**WORK REQUEST:**
Omit the pictures and copy the entries exactly.
++++ DATA SECTION ++++
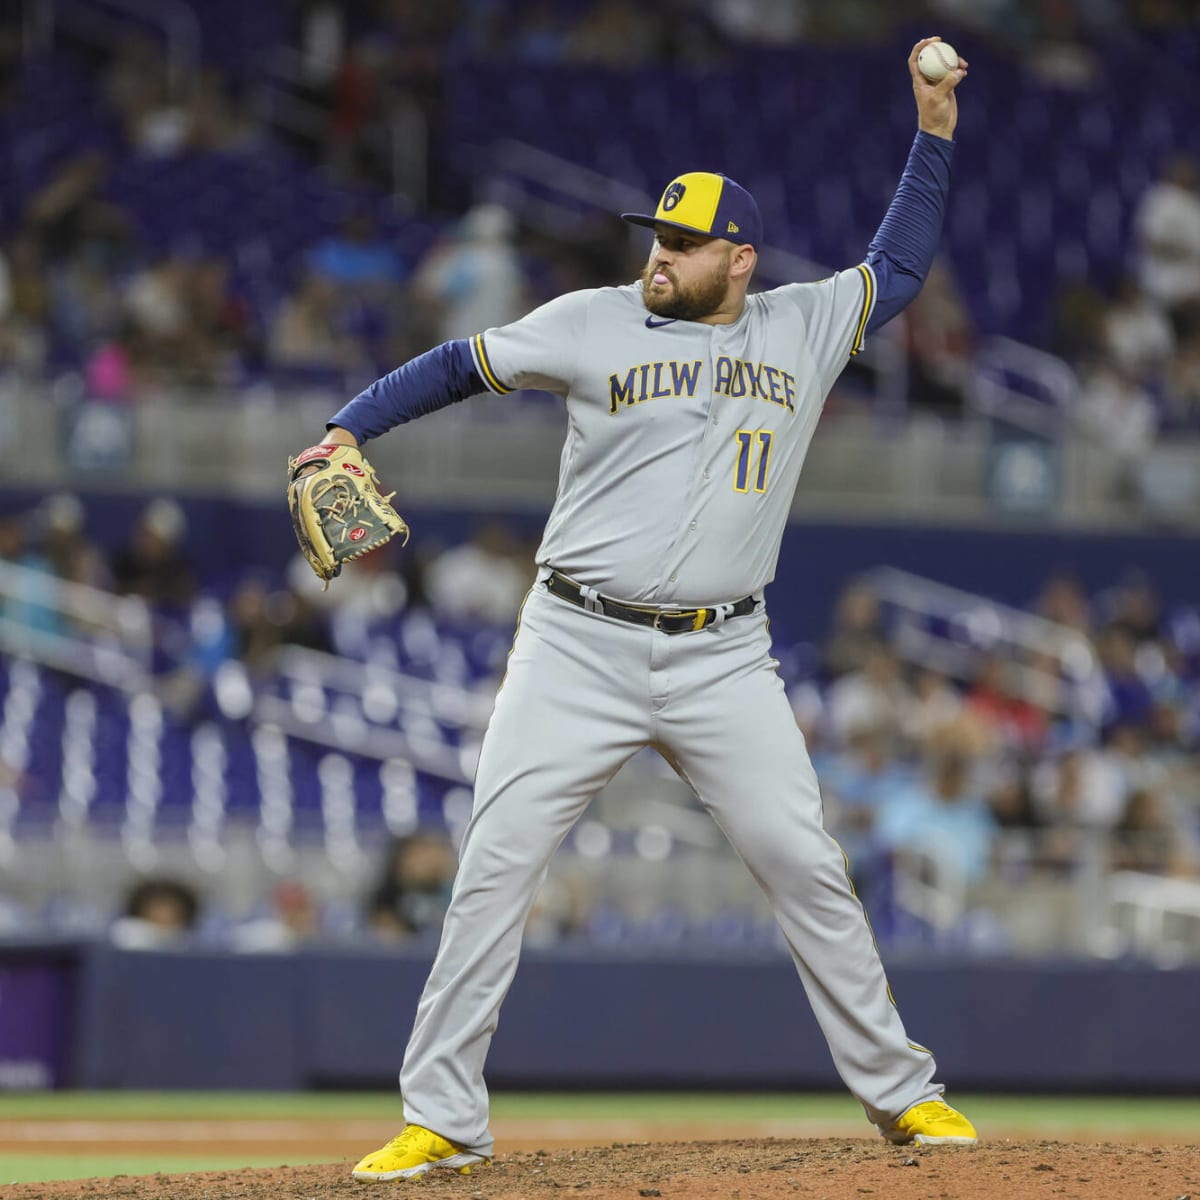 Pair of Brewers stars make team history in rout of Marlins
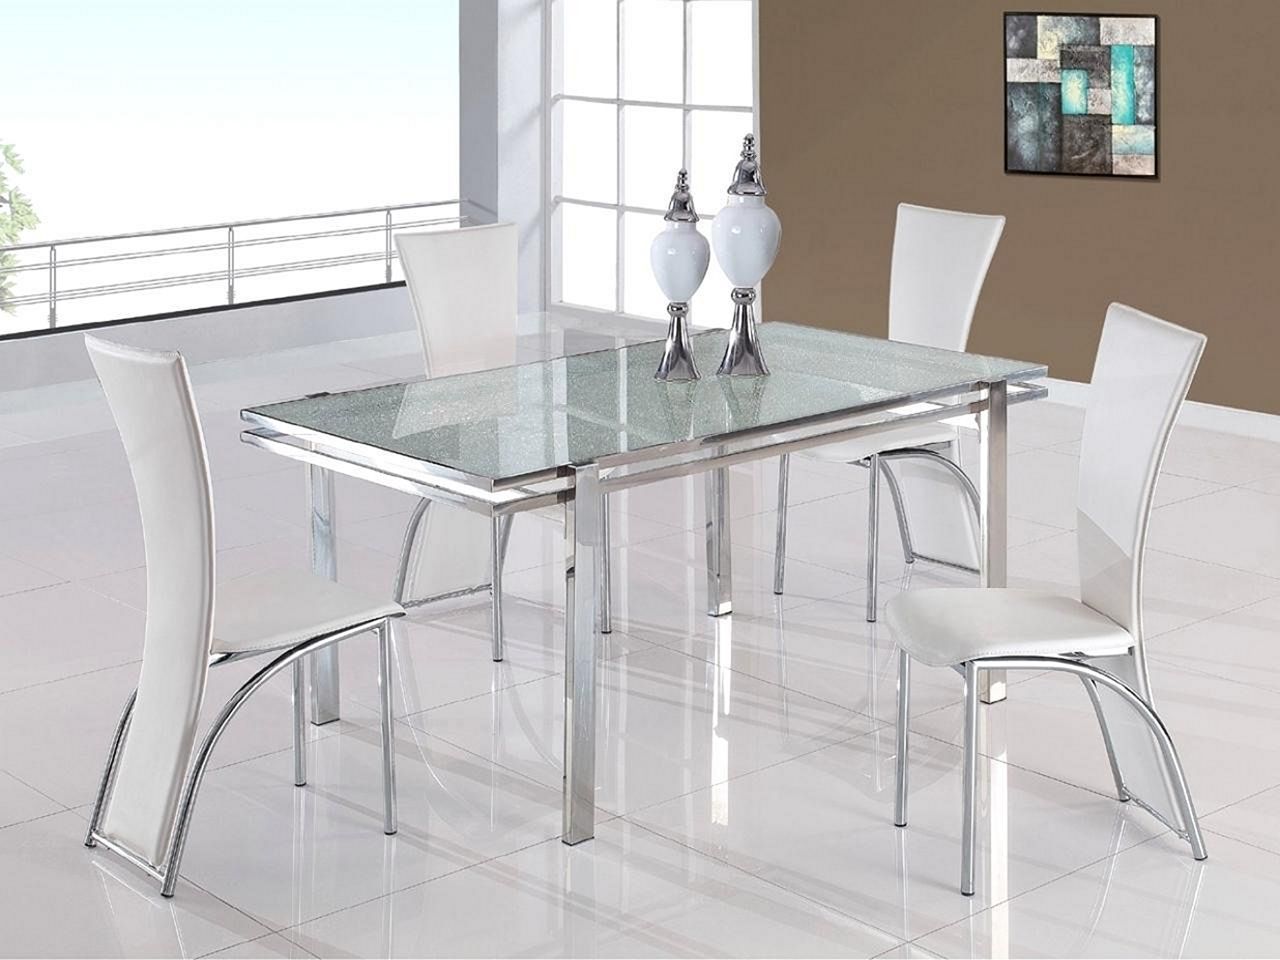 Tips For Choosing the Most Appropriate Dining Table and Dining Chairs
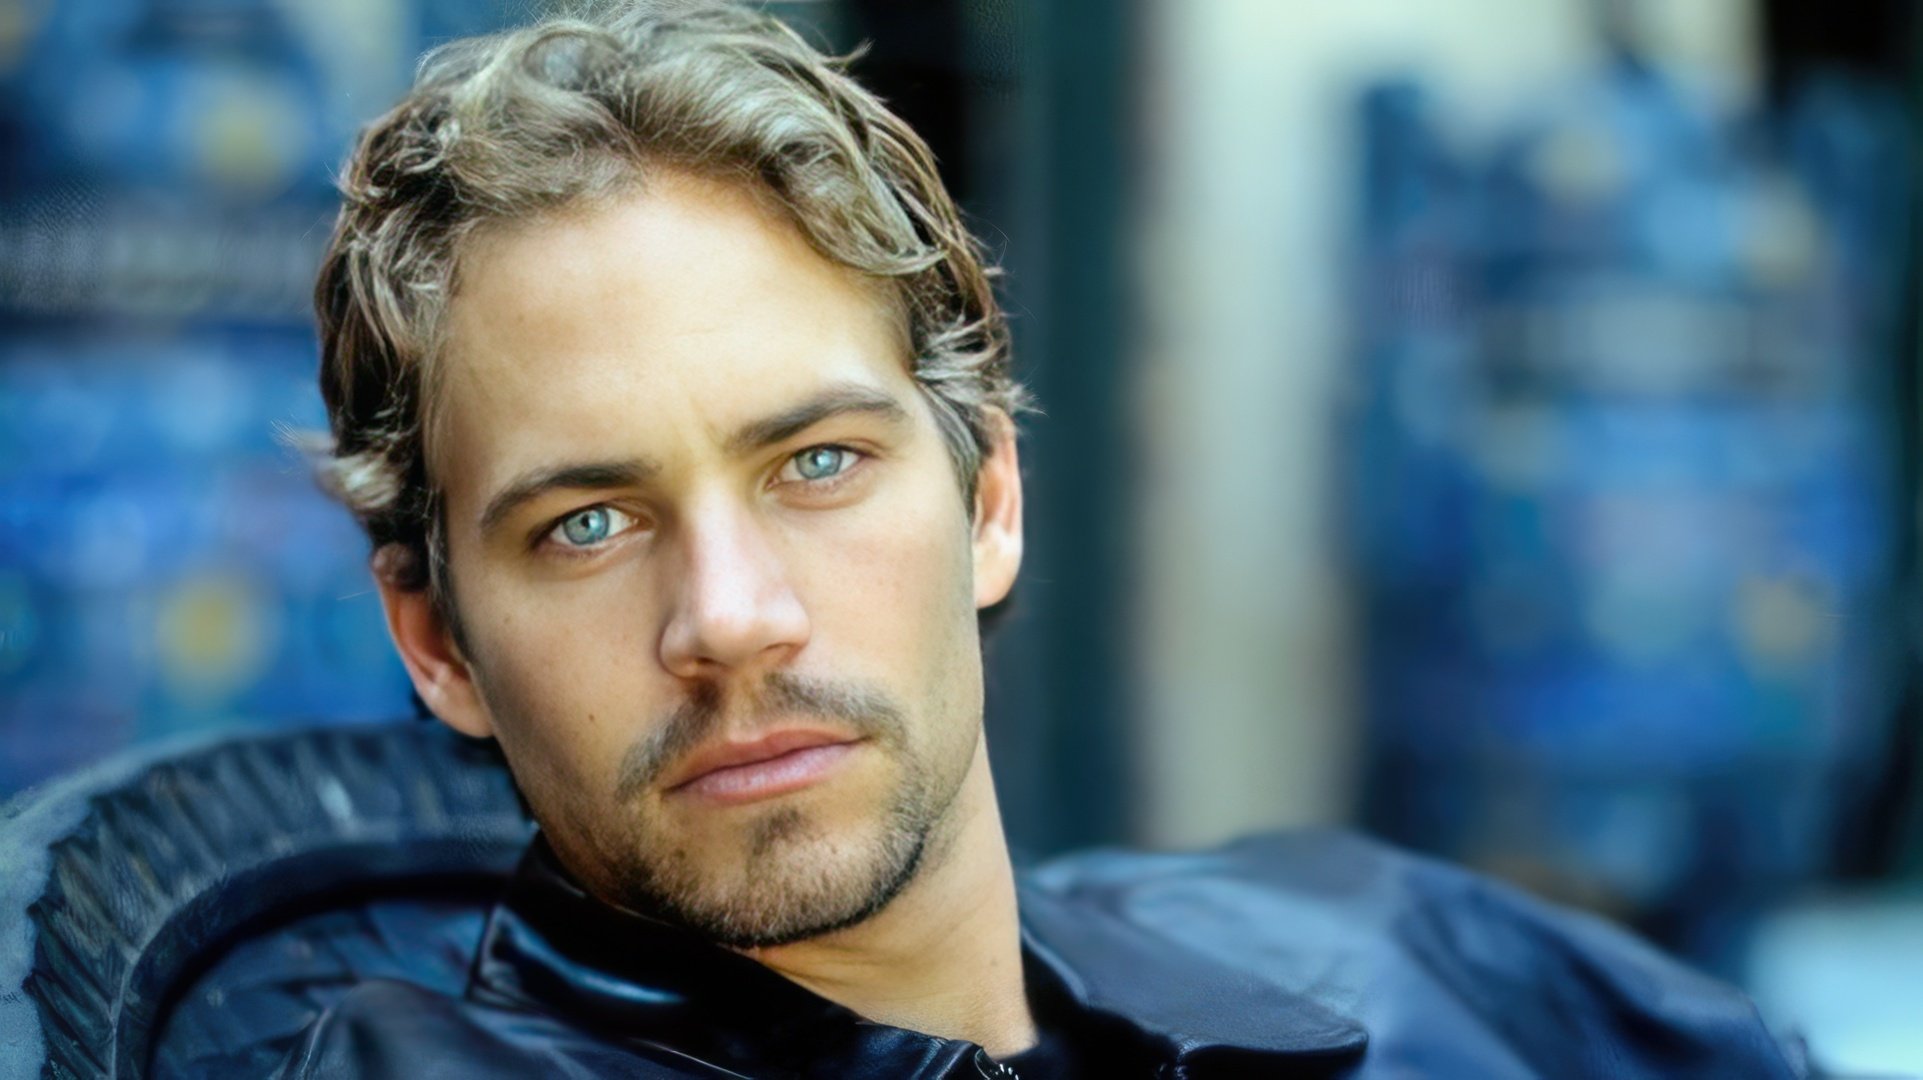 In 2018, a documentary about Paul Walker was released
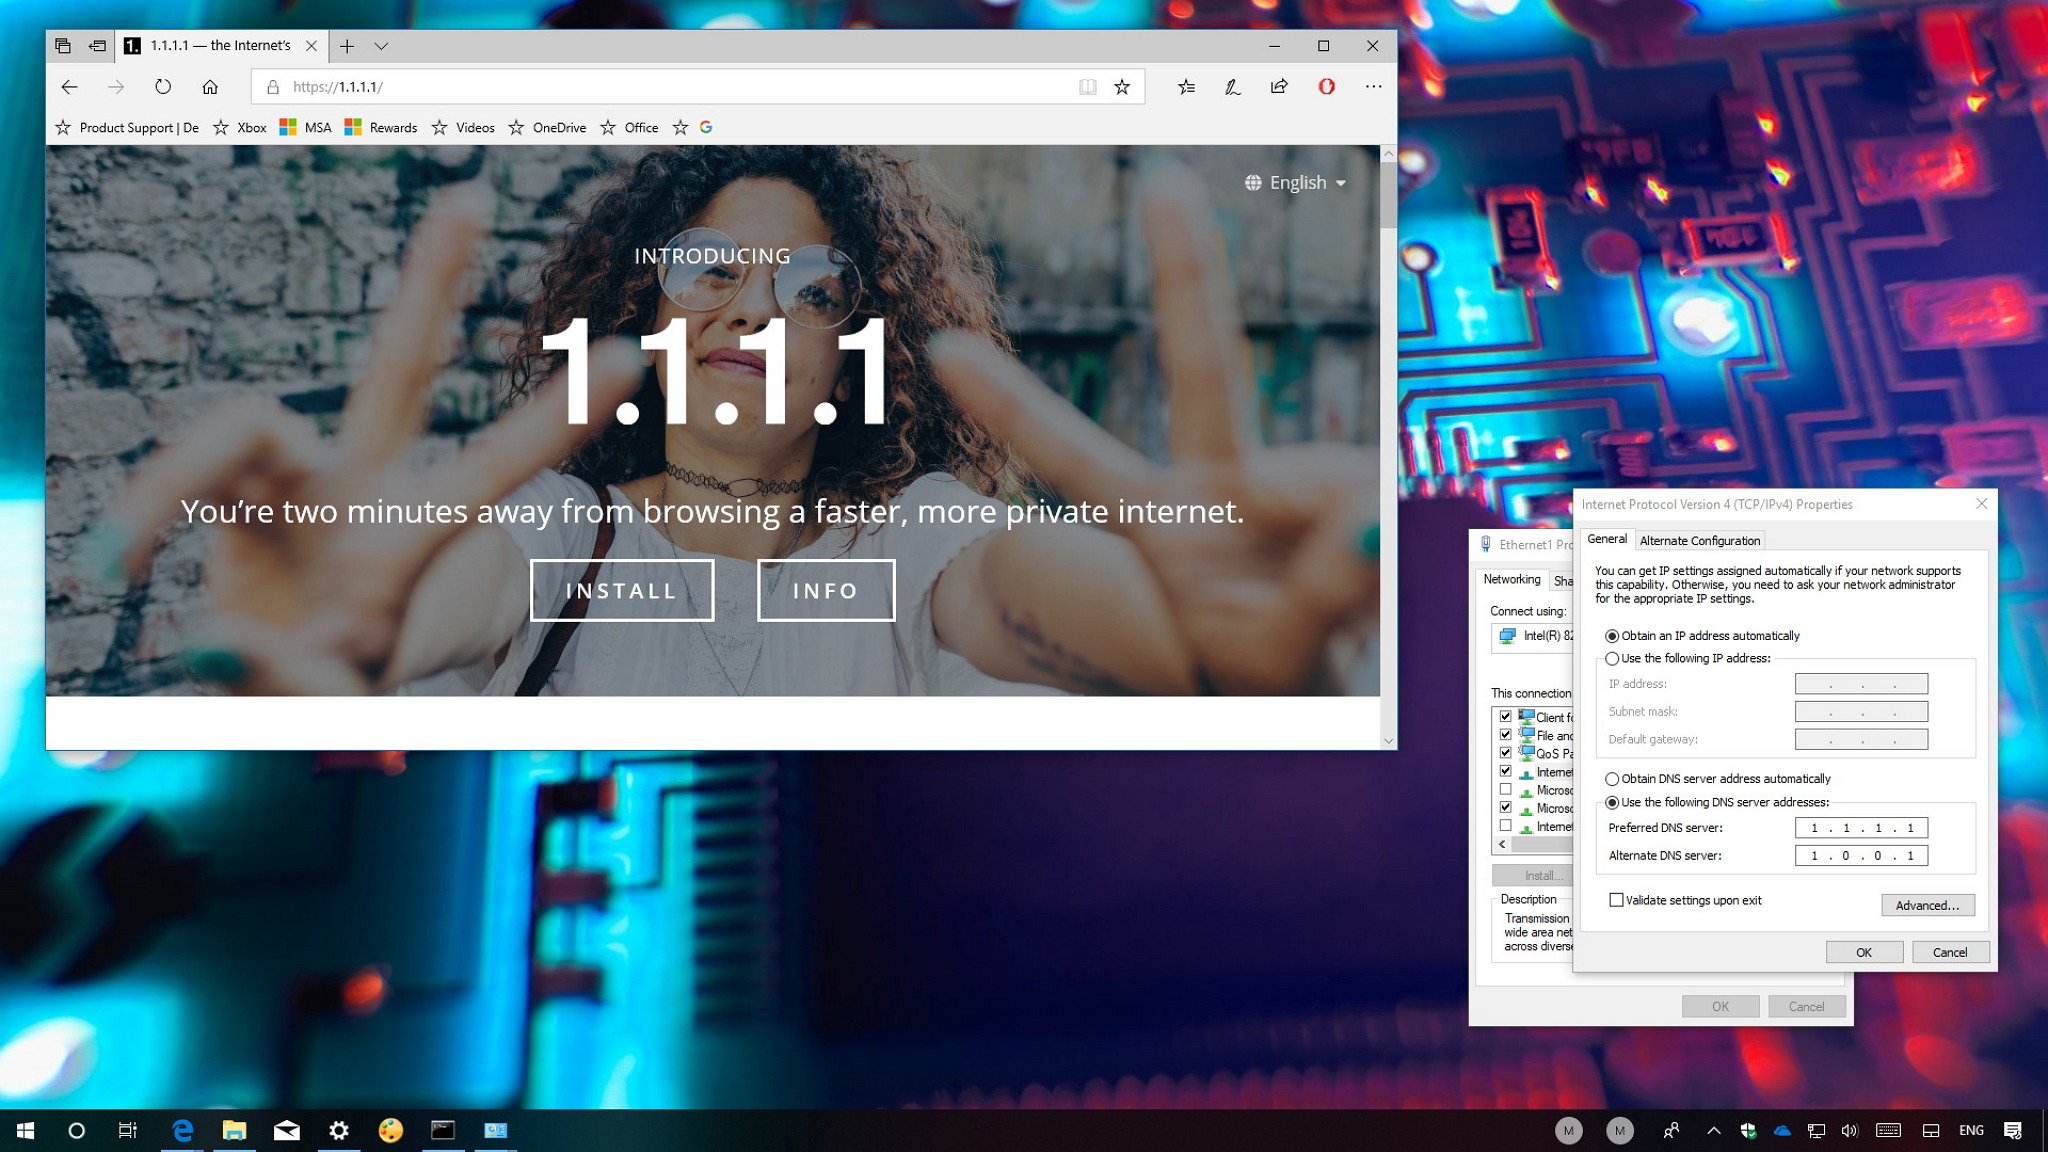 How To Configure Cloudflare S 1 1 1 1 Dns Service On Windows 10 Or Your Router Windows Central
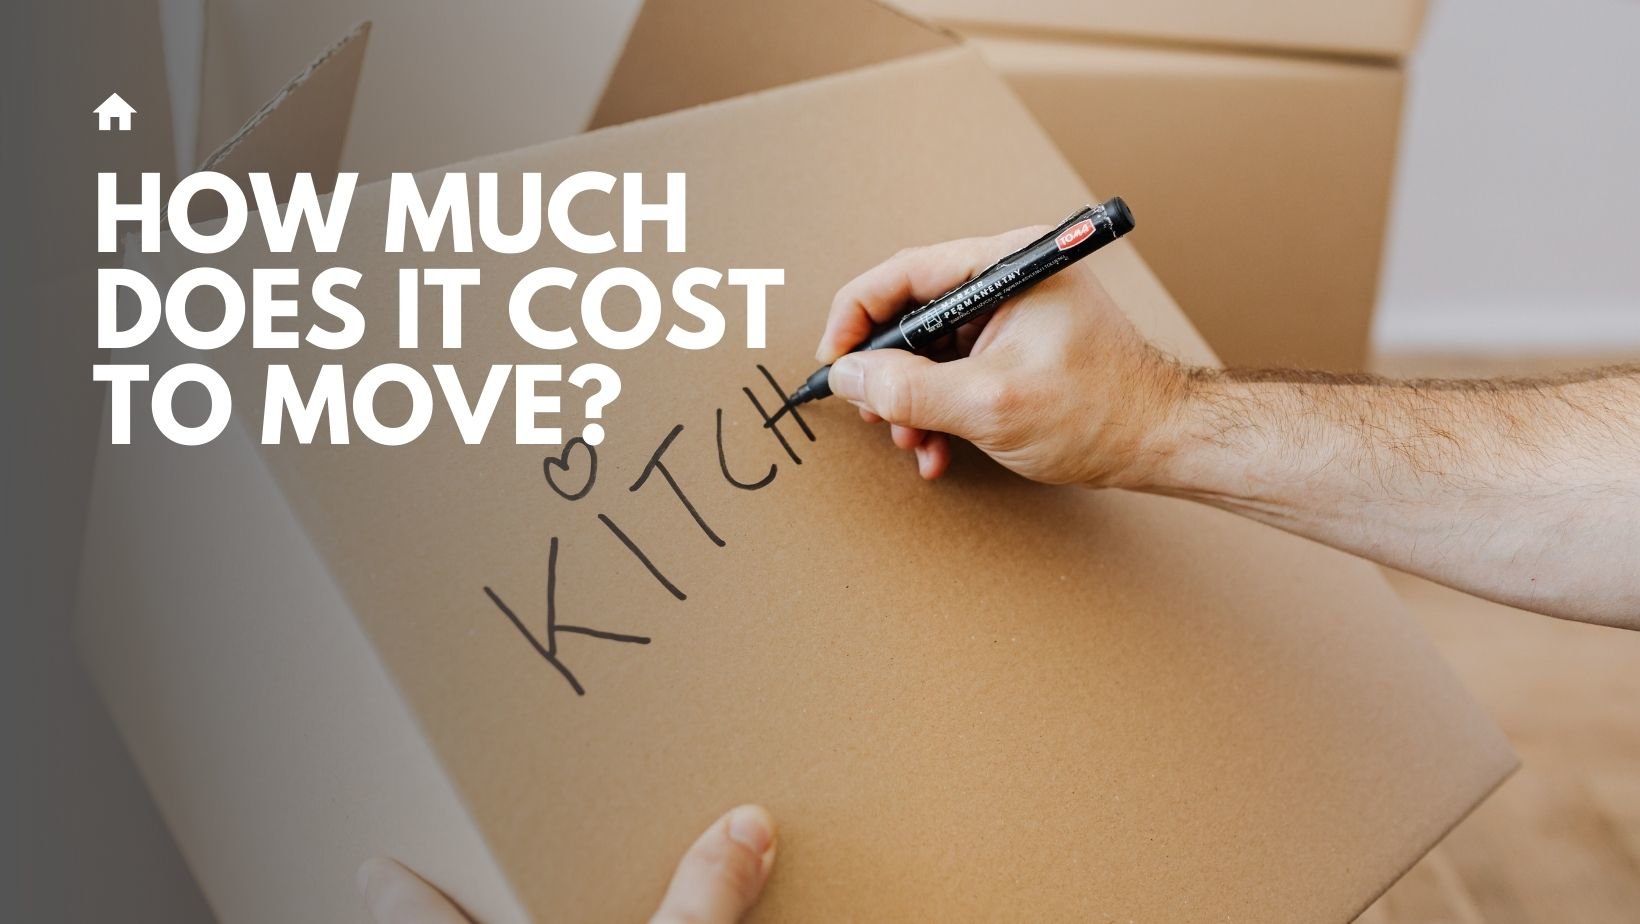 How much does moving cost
++++
**FINISHED TASK:**
 Pair of Brewers stars make team history in rout of Marlins
 Tips For Choosing the Most Appropriate Dining Table and Dining Chairs
 In 2018, a documentary about Paul Walker was released
 How To Configure Cloudflare S 1 1 1 1 Dns Service On Windows 10 Or Your Router Windows Central
 How much does moving cost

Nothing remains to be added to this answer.